**Aim of the task**
The copy should hold exactly the lines below from the one that contains "Grizzly G0492 manual" through the one that contains "Annual Program Monitoring" and nothing else, so no pictures.

**Given records**
┌──
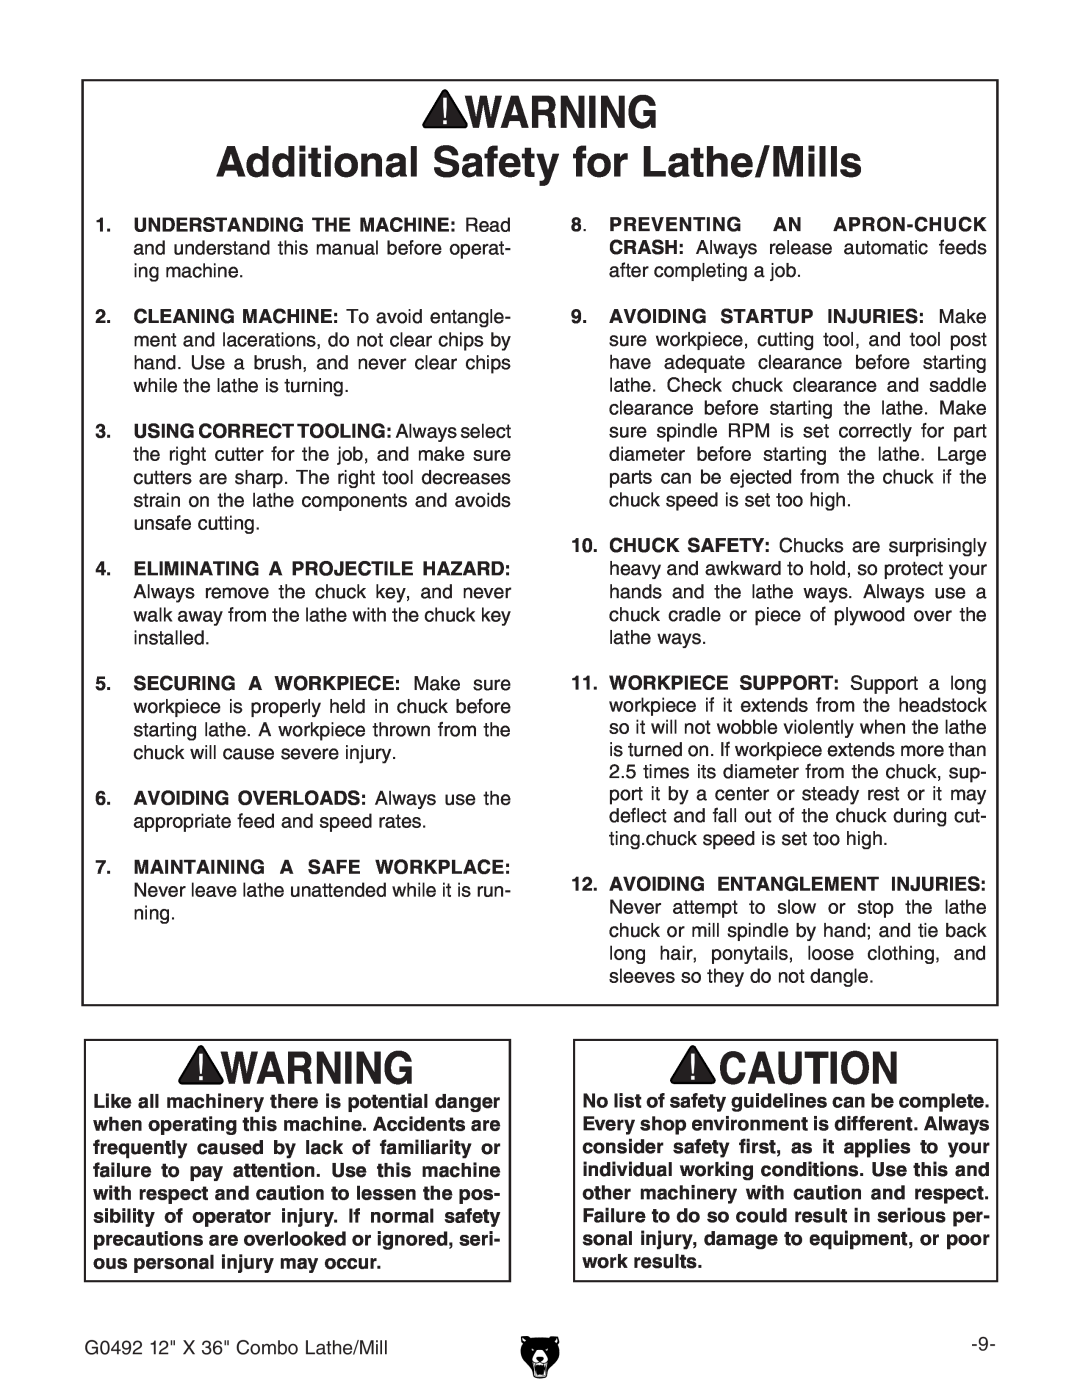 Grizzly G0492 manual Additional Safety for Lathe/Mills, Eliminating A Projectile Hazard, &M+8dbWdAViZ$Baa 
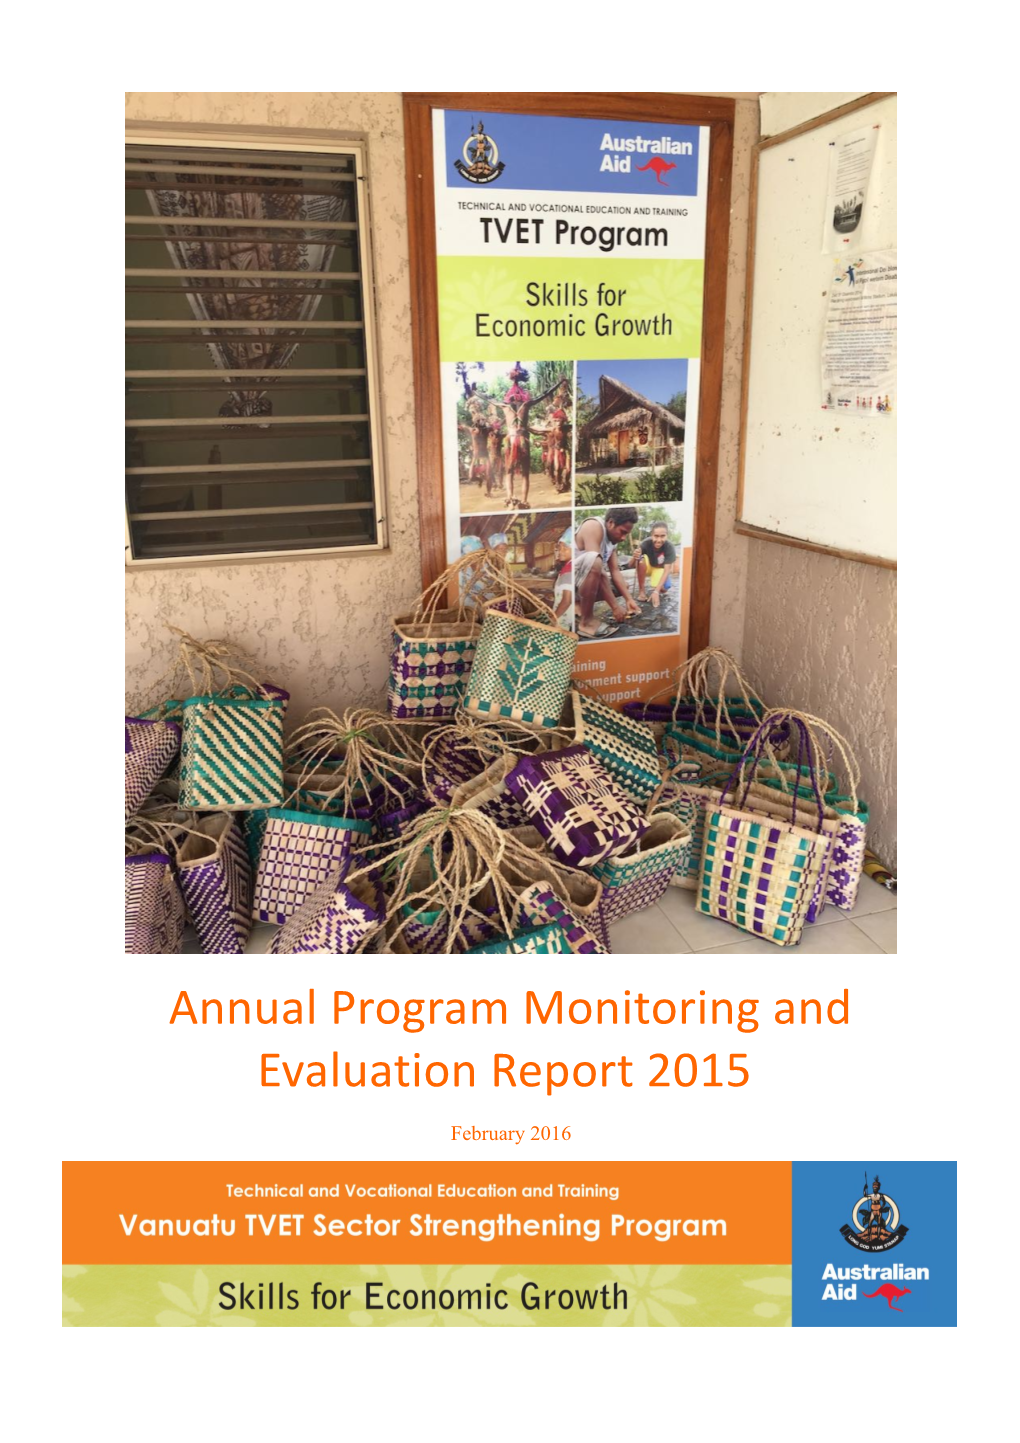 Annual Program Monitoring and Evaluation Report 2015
└──
┌──
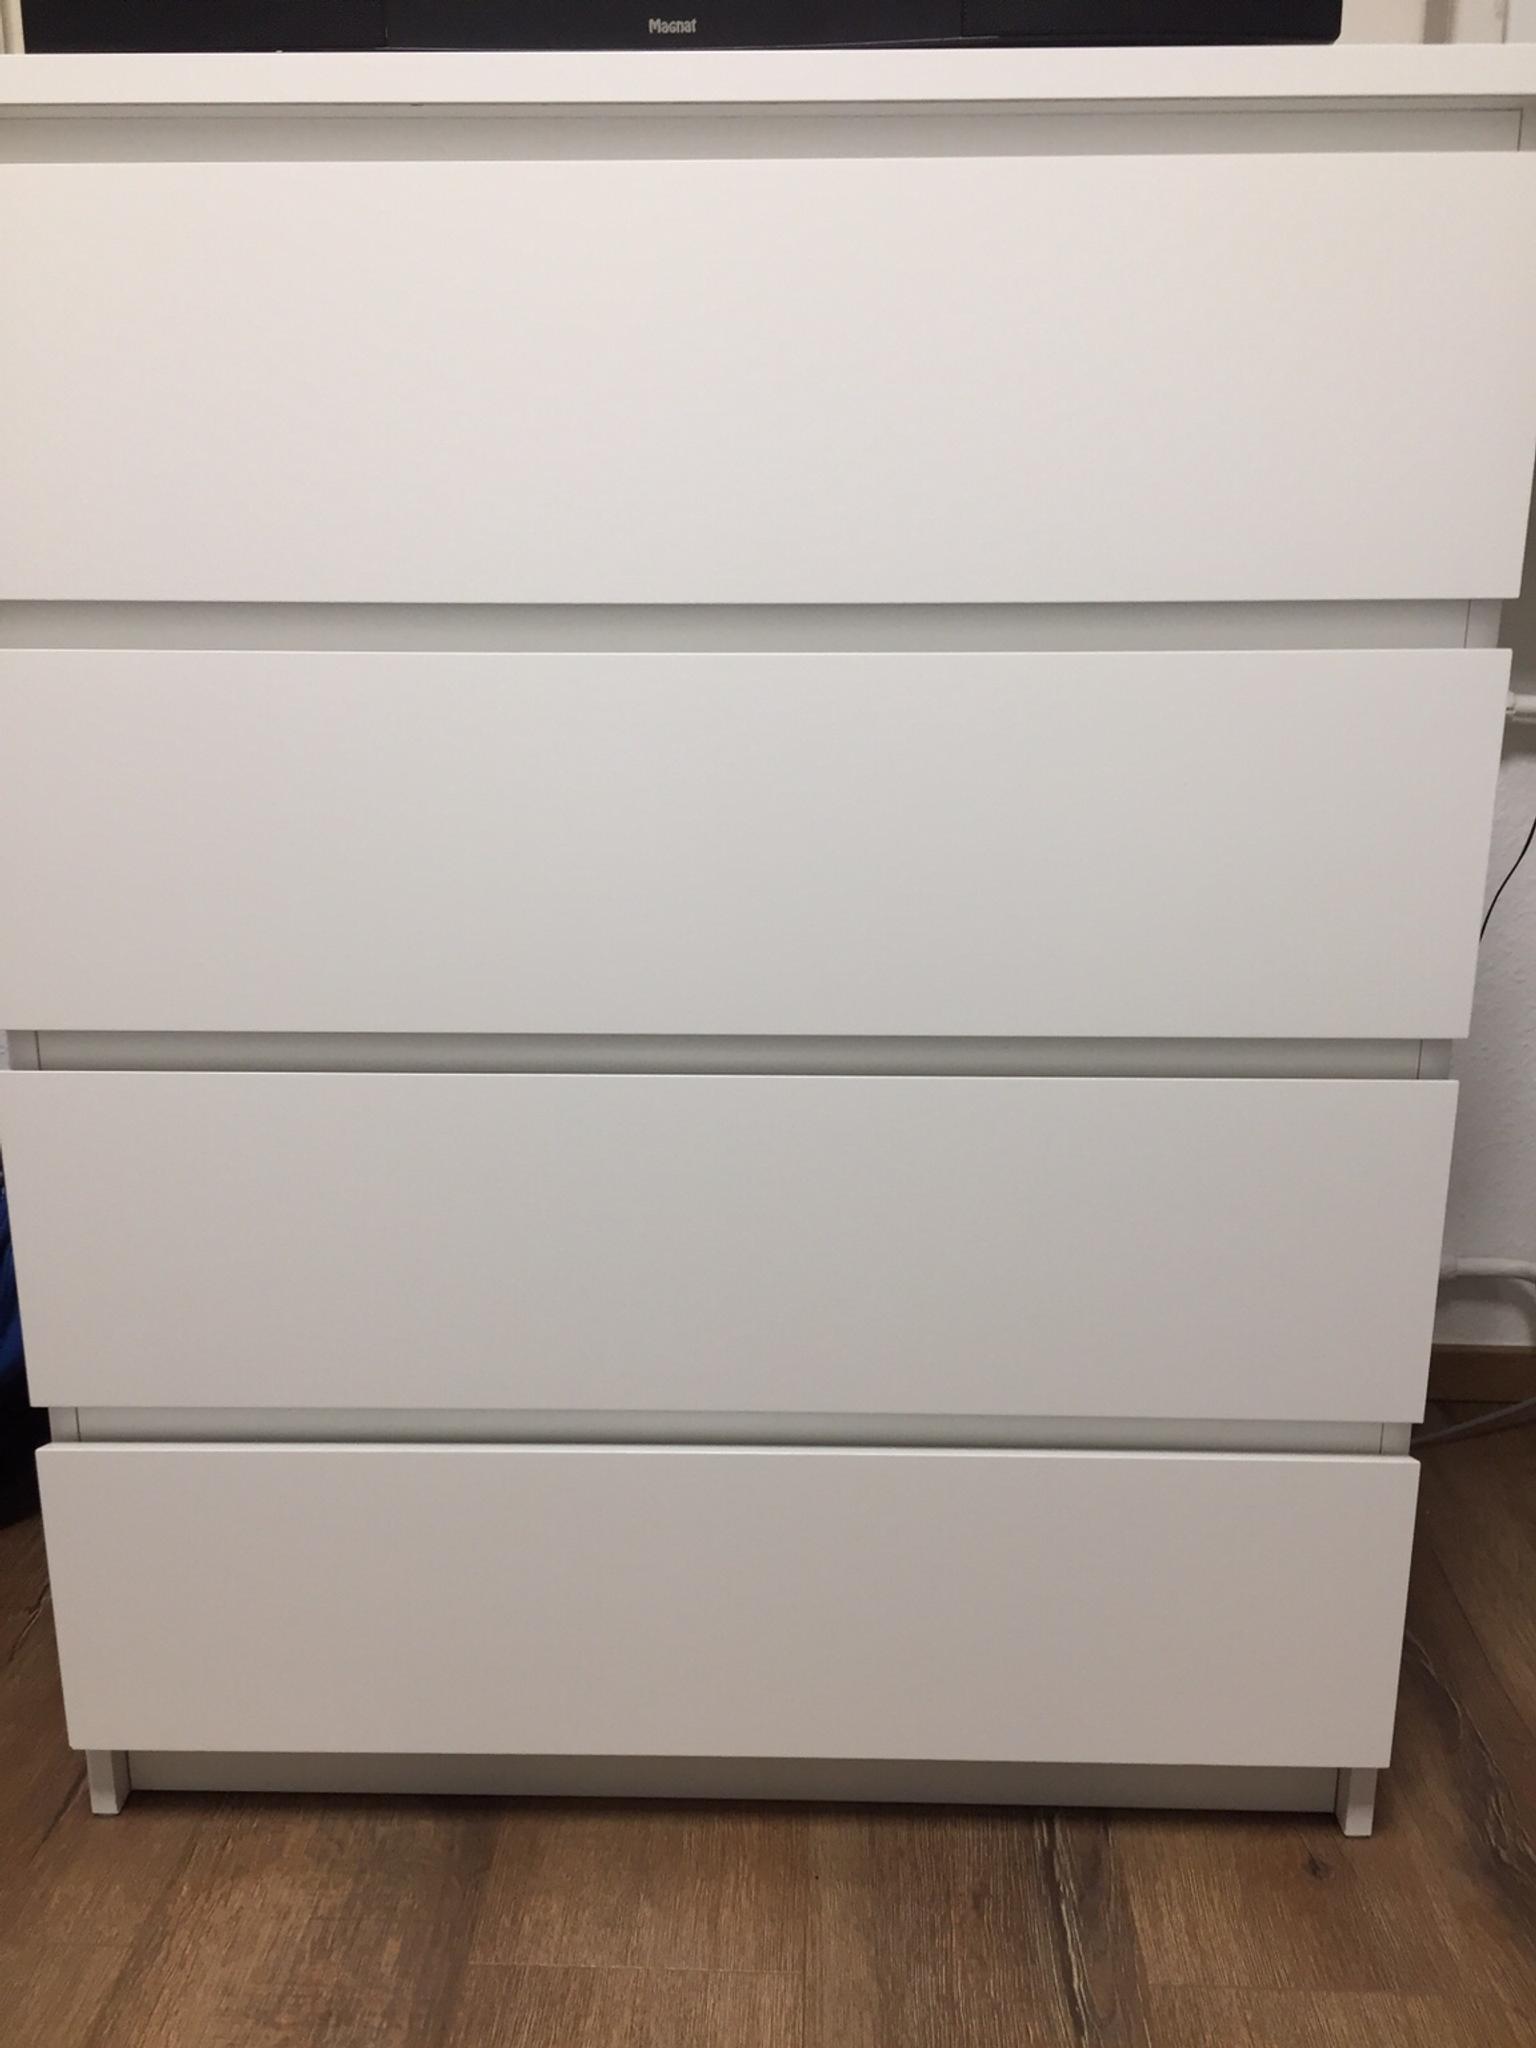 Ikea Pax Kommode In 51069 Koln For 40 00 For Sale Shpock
└──
**Task solution**
 Grizzly G0492 manual Additional Safety for Lathe/Mills, Eliminating A Projectile Hazard, &M+8dbWdAViZ$Baa 
 Annual Program Monitoring and Evaluation Report 2015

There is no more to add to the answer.